The amount of epoxy material used to plug off a interval depends on the size of the gravel packing and the portion of the gravel pack which it is desired to plug. Usually an amount of epoxy material between about 0.5 and about 2.0 gallons per foot of plugged interval is sufficient. Since the amount of epoxy material which a bailer or coiled tubing can deliver in a single operation is limited, it may be necessary to carry out the delivery process in two or more stages.
The hardener materials used in the process are those which are compatible with the epoxy material in that once the two are mixed, they form a liquid mixture which is substantially free from solids. Both hardeners employed in admixture with the epoxy materials have activation temperatures which are below the anticipated temperature in the treatment zone. Activation temperatures of hardeners can be accurately measured in calorimetry studies. Usually the hardener activation temperatures, as determined from calorimeter runs, will not be more than about 20° F. to about 30° F. below the temperature in the treatment zone. The hardener which is used for viscosity control has a lower activation temperature than the other hardener which determines the ultimate set time of the epoxy material. The amount of each of the two hardeners used in the compositions of the invention is less than that required to completely react with the epoxy material; however, the combination of the hardeners is sufficient to provide complete reaction and curing.

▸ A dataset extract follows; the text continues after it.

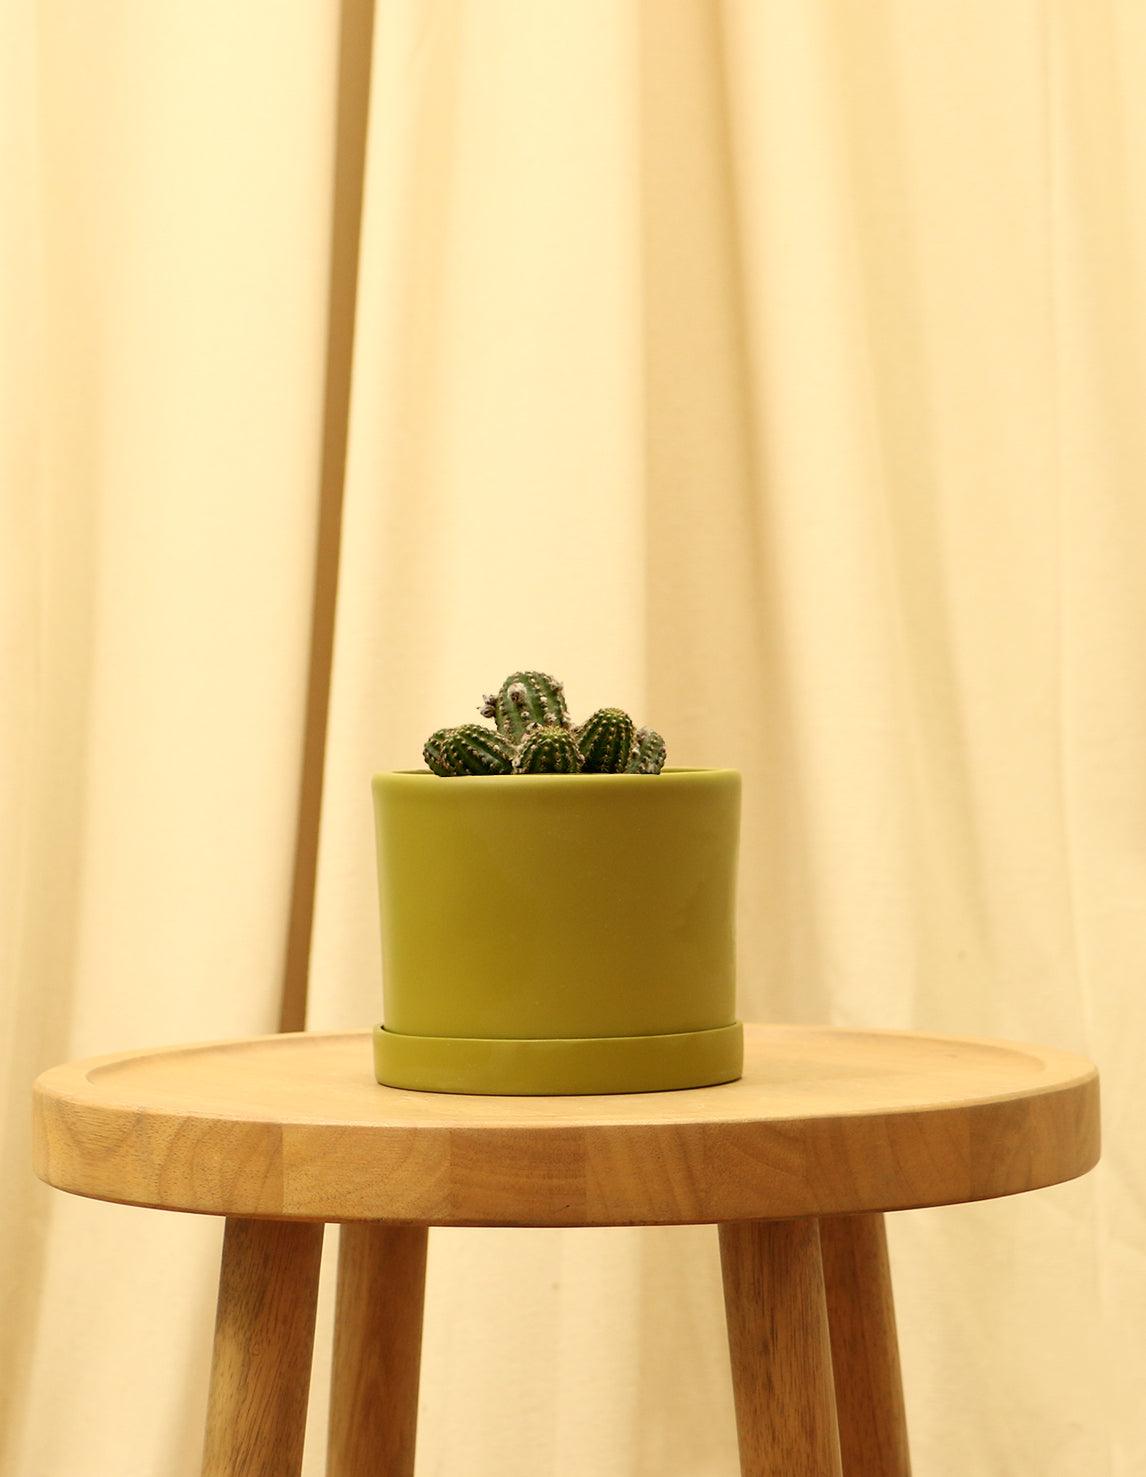 Small Rose Quartz Cactus in green pot.

The total amount of the two hardeners used in the epoxy compositions usually is between about 2 and 15 parts per 100 parts of the epoxy material. The amount of each individual hardener used will vary from between about 1 to about 10 parts per 100 parts of the epoxy material. All parts herein are parts by weight.
Any epoxy material which meets the criteria previously set forth may be used in carrying out the process of the invention. A widely used class of polyepoxides from which the epoxy material may be selected are the resinous epoxy polyethers obtained by reacting an epihalohydrin, such as epichlorohydrin, epibromohydrin, epiiodilydrin, and the like with either a polyhydric phenol or polyhydric alcohol. The resulting resinous products may contain free terminal hydroxyl groups or terminal hydroxy groups and terminal epoxy groups.
Another class of polymeric polyepoxides from which the epoxy material may be selected are the polyepoxy polyhydroxy polyethers obtained by reacting a polyhydric phenol, such as bisphenol A, resorcinol, catechol, and the like, or a polyhydric alcohol such as glycenol, sorbitol, pentaerythritol and the like with a polyepoxide such as bis(2,3-epoxypropyl) ether, bis(2,3-epoxy-2-methylpropyl) ether, 1,2-epoxy-4,5 epoxypentane, and the like.
Another class of epoxides are the novolac resins obtained by reacting, in the presence of a basic catalyst, an epihalohydrin, such as epichlorohydrin, with the resinous condensate of an aldehyde; e.g . formaldehyde, and either a monohydric phenol; e.g., phenol itself, or a polyhydric phenol; e.g., bisphenol A.
Still another class of epoxides are the homopolymers and copolymers of epoxy containing monomers which also contain at least one double bond. Among such ethylenically unsaturated epoxy-containing monomers are vinyl 2,3-glycidyl ether, allyl 2,3-glycidyl ether, glycidyl acrylate, 2,3-epoxypropyl crotonate, glycidyl-oxystyrene, and the like. Suitable comonomers for copolysrization with these ethylenically unsaturated epoxy containing monomers include styrene, acrylonitrile, methyl acrylate, vinyl chloride vinyl acetate, diallyl phthalate, and the like.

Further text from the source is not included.